E’ il caso della sentenza n. 30547 del 28 ottobre 2021 della Corte di Cassazione, la quale ha ammesso il licenziamento per giusta causa di un lavoratore per falsa malattia accertata dall’attività di un investigatore privato. Nel caso di specie la Corte ha stabilito che non sussiste, quindi, una violazione dell’art. 5 dello Statuto dei lavoratori, il quale vieta di svolgere attività di accertamento della malattia del lavoratore, se non tramite l’attività dei servizi ispettivi degli istituti previdenziali competenti. La Corte di Cassazione ha, infatti, ammesso l’attività di ispezione del investigatore sulla base del fatto che non si trattasse di un accertamento a fini sanitari, ma che si trattasse piuttosto di un accertamento volto a verificare che la malattia lamentata dal dipendente non fosse effettivamente incompatibile con l’attività lavorativa.
Occorre specificare che l’attività investigativa può essere realizzata esclusivamente al di fuori dell’orario e dei locali di lavoro.

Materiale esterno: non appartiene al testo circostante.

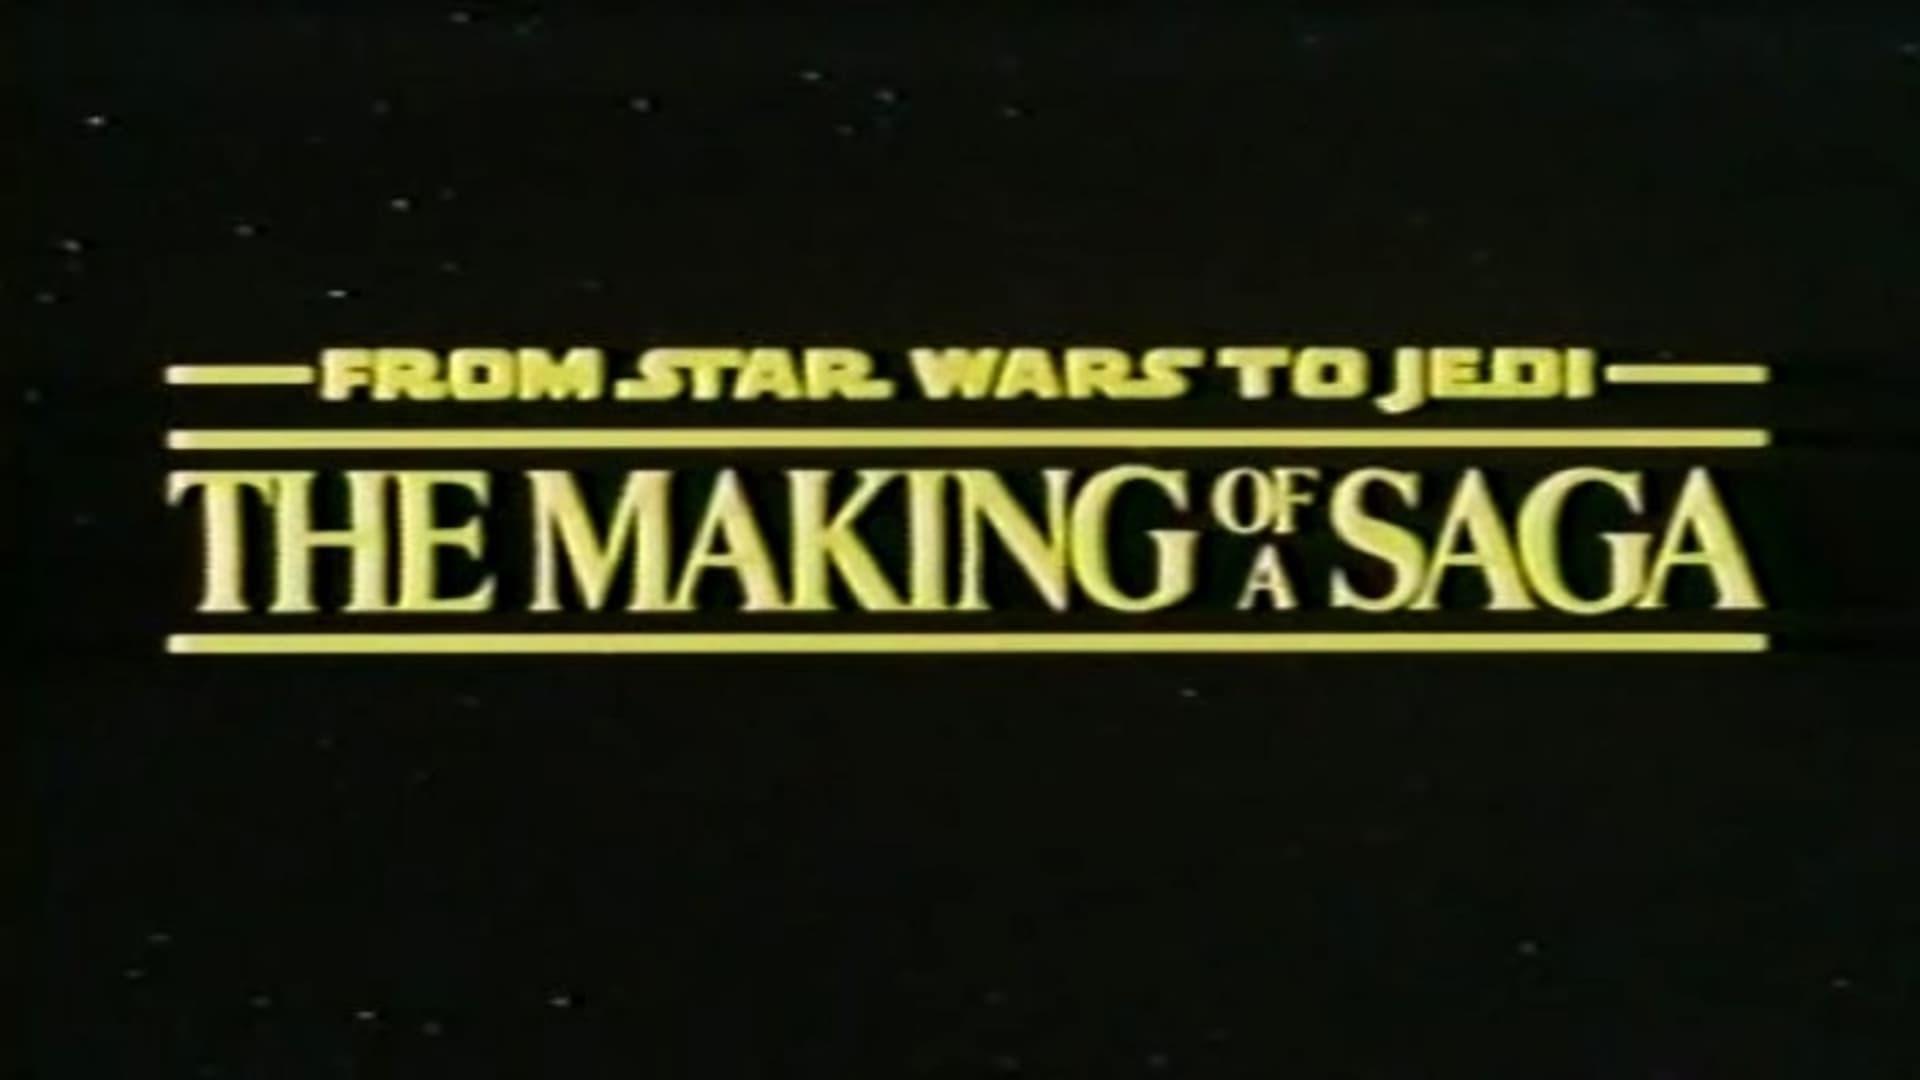 From 'Star Wars' to 'Jedi' : The Making of a Saga backdrop

A tal proposito, una recente sentenza della Corte di Cassazione del 24 agosto 2022 n. 25287 ha stabilito l’impossibilità di licenziare un lavoratore sottoposto ad attività di investigazione durante l’orario di lavoro, benché si trovasse all’infuori dei locali di lavoro. Le indagini non possono, infatti, riguardare l’adempimento o l’inadempimento dell’obbligo lavorativo del lavoratore, ma possono limitarsi soltanto all’accertamento di atti illeciti, non riconducibili ad un inadempimento lavorativo. Viene stabilito illegittimo il licenziamento effettuato sulla base di ispezioni realizzate in violazione dell’art. 4 dello Statuto dei lavoratori, che prevede il divieto di effettuare riprese occulte durante l’orario di lavoro, e del principio di buona fede. Questo principio non esclude la possibilità di effettuare indagini durante l’orario di lavoro nel caso in cui sia necessario verificare comportamenti che possano configurare ipotesi penalmente rilevanti.